Metairie — The Jefferson Parish Performing Arts Society is challenging the findings of a recently leaked audit of the nonprofit by Jefferson Parish’s internal auditor, and Executive Director Dennis Assaf is questioning the “agenda” behind the audit’s premature release.
Assaf released a lengthy response to the preliminary draft of the audit that questioned the agency’s spending practices and raised concerns with Jefferson Parish Council Chairman Chris Roberts. Parish President John Young has agreed to halt payments to JPAS until several issues are addressed.
But Assaf said that several of the concerns raised in the audit had already been addressed by the agency before Auditor William “Tommy” Fikes completed his draft report. Assaf expressed anger over the fact that the audit was leaked to media members prior to his agency receiving a copy, or being given a chance to discuss the findings with the parish Ethics and Governmental Compliance Committee.
“This tells me there was really no desire to help and strengthen us — Louisiana’s largest theatrical producer and Jefferson Parish’s premier arts organization,” Assaf wrote in an email on Tuesday. “It tells me there was another agenda.”
Fikes’ audit found several troubling practices at the nonprofit in particular: the rampant use of credit cards by employees without proper controls; constant access to blank checks that already contained Assaf’s signature; direct reimbursements to Assaf totaling $15,000; individuals working as both full-time employees of the nonprofit and as independent contractors; and a lack of controls on Assaf’s ability to spend money without additional authorization.
Roberts also raised concerns about Assaf’s $165,000 annual salary, which included a recent $30,000 raise. The council approved an emergency $325,000 payment to the nonprofit this summer after state funding for the group was cut, but Young said last week that none of that money has been spent. The audit could be discussed at the Jefferson Parish Council’s meeting Wednesday.
Assaf acknowledged that JPAS lacked several internal controls but said the group was eager to hear Fikes’ suggestions and figure out ways to make improvements. After an initial meeting in October, Assaf said the group developed new policies and procedures that were presented to Fikes in January. However, he said those changes weren’t included in Fikes’ report.
“I was surprised that (Fikes) didn’t seem more positively responsive,” Assaf wrote.
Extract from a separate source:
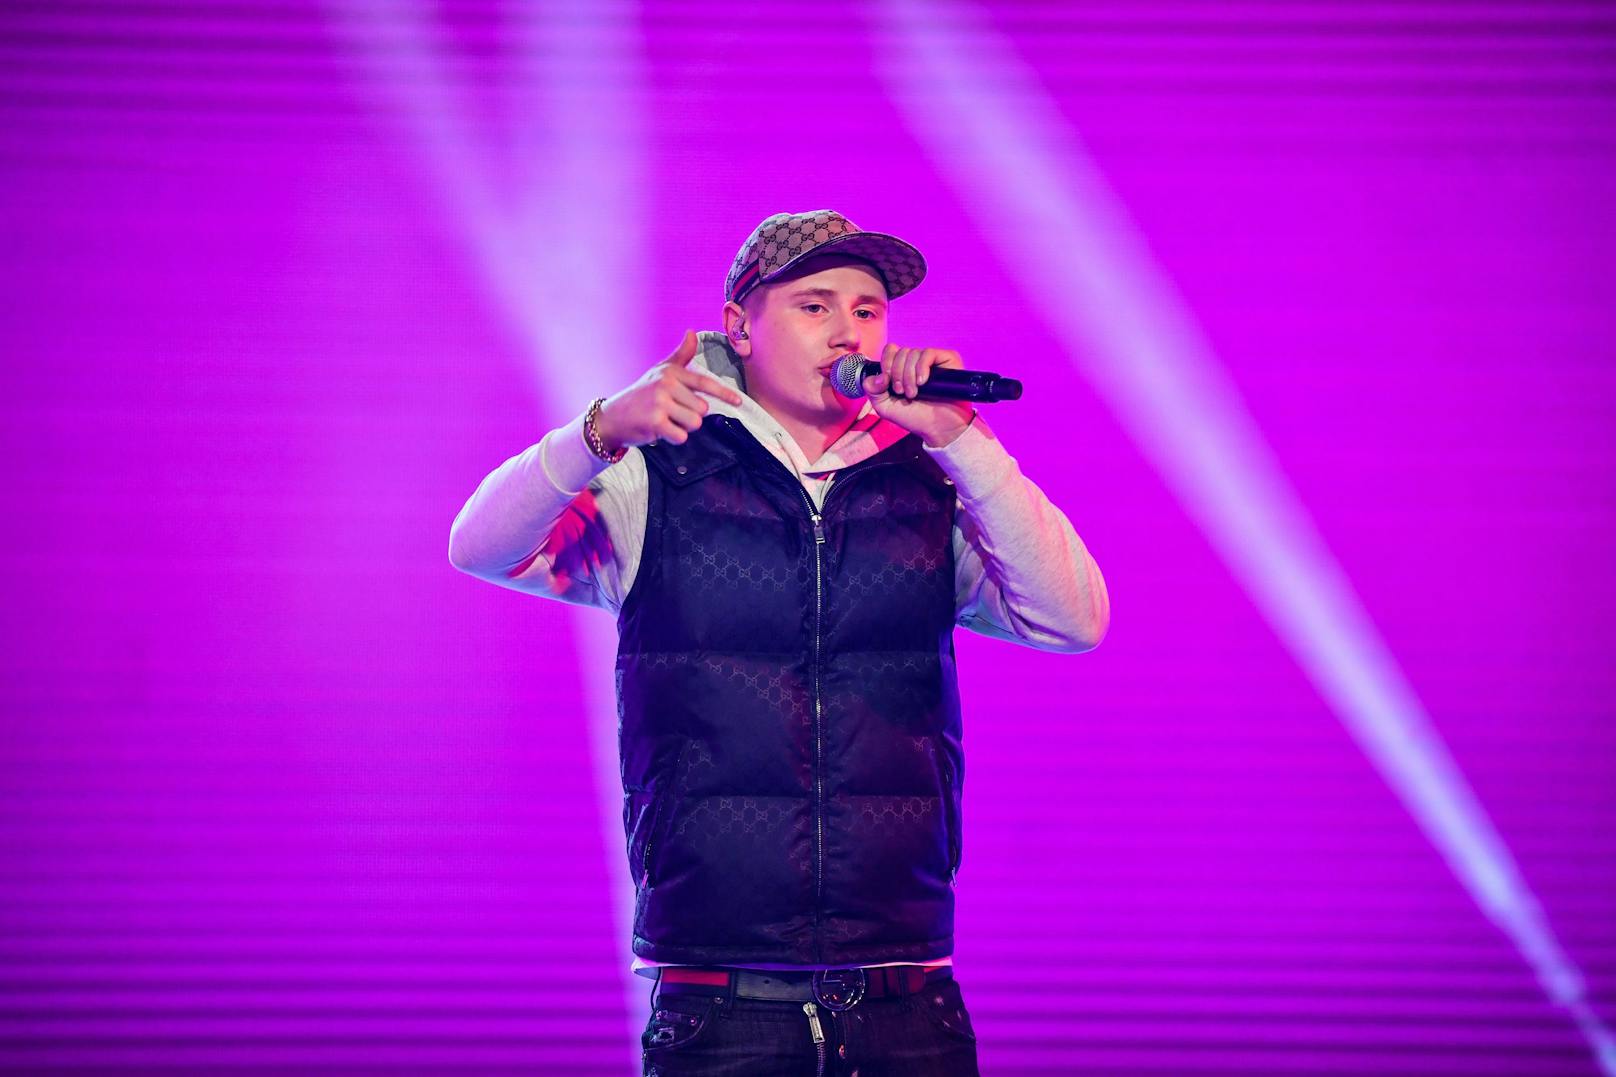 Der Rapper war in Schweden ein Star. 2019 war er der beliebteste Künstler auf Spotify. Vor Größen wie Ed Sheeran und Billie Eilish.

According to the group’s formal response to the audit, JPAS has made the following changes to its practices some of which are contained in a new accounting manual.
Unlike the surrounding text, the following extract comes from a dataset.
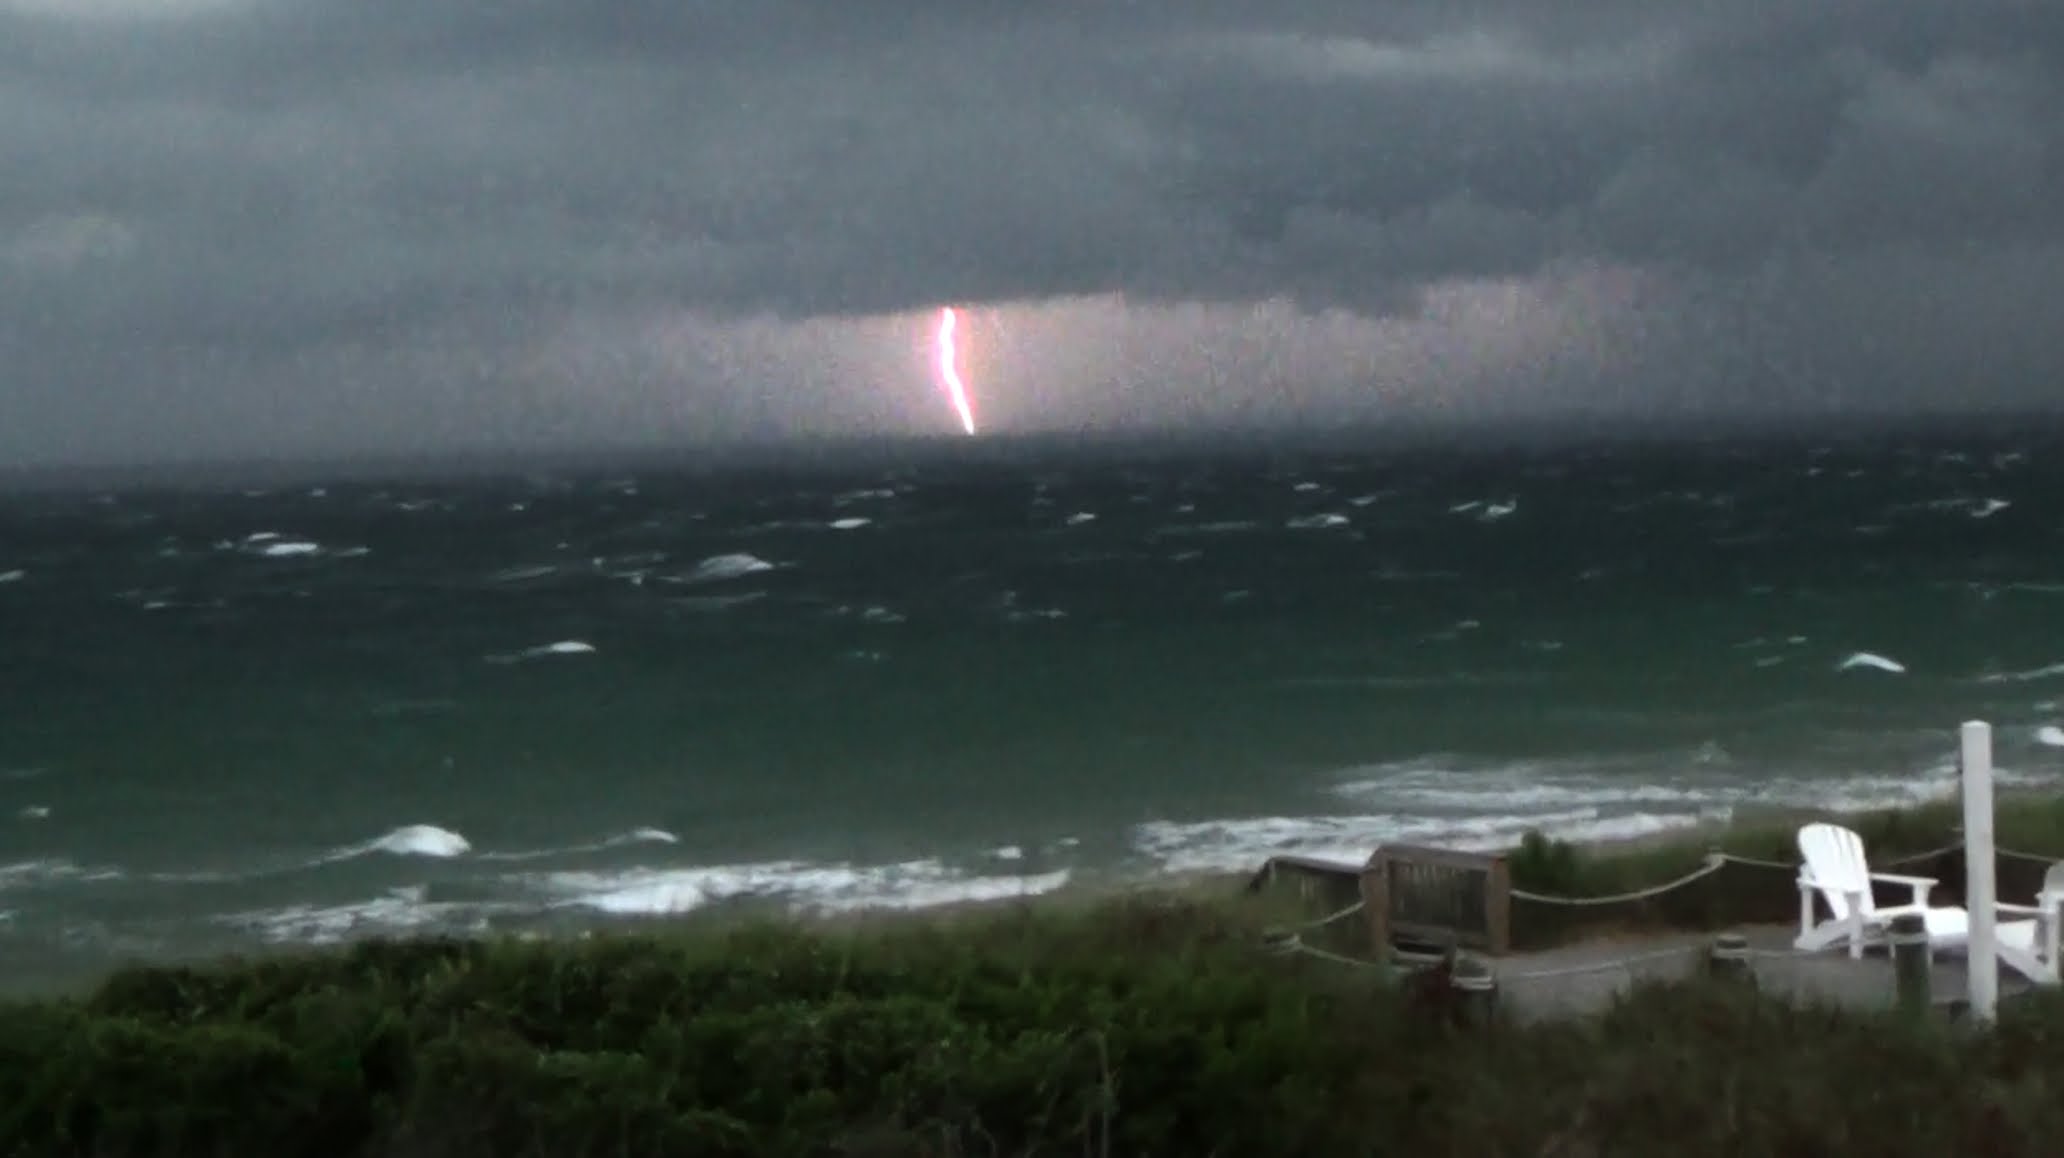 Violent Ocean Lightning - Outer Banks, 6-19-2014 - YouTube

JPAS has discontinued the use of pre-approved requisition forms, discontinued the practice of writing checks to “cash,” required the review of expenditures by member of the board of directors, required proper documentation for credit cards or employees will have their pay docked, and created a standard reimbursement form and travel form.
The group’s response also noted that concerns about JPAS selling alcohol were unfounded because the group never actually sold alcohol but instead made the beverages available with a “suggested donation.” JPAS is conducting an inventory of all of its fixed assets and is monitoring its concessions inventory, the response noted.
In addition, the response defended the use of Assaf’s relatives in some productions, noting they were qualified, but said that in the future those decisions would be discussed at a board meeting. The group also defended Assaf’s salary as being in line with his experience and workload.
JPAS has changed its guidelines for using the “independent contractor” designation, and any employee whose regular duties include state management or acting assignments will do those jobs as part of their regular duties. Assaf said the group remains interested in meeting with parish officials to discuss the audit and JPAS’ responses.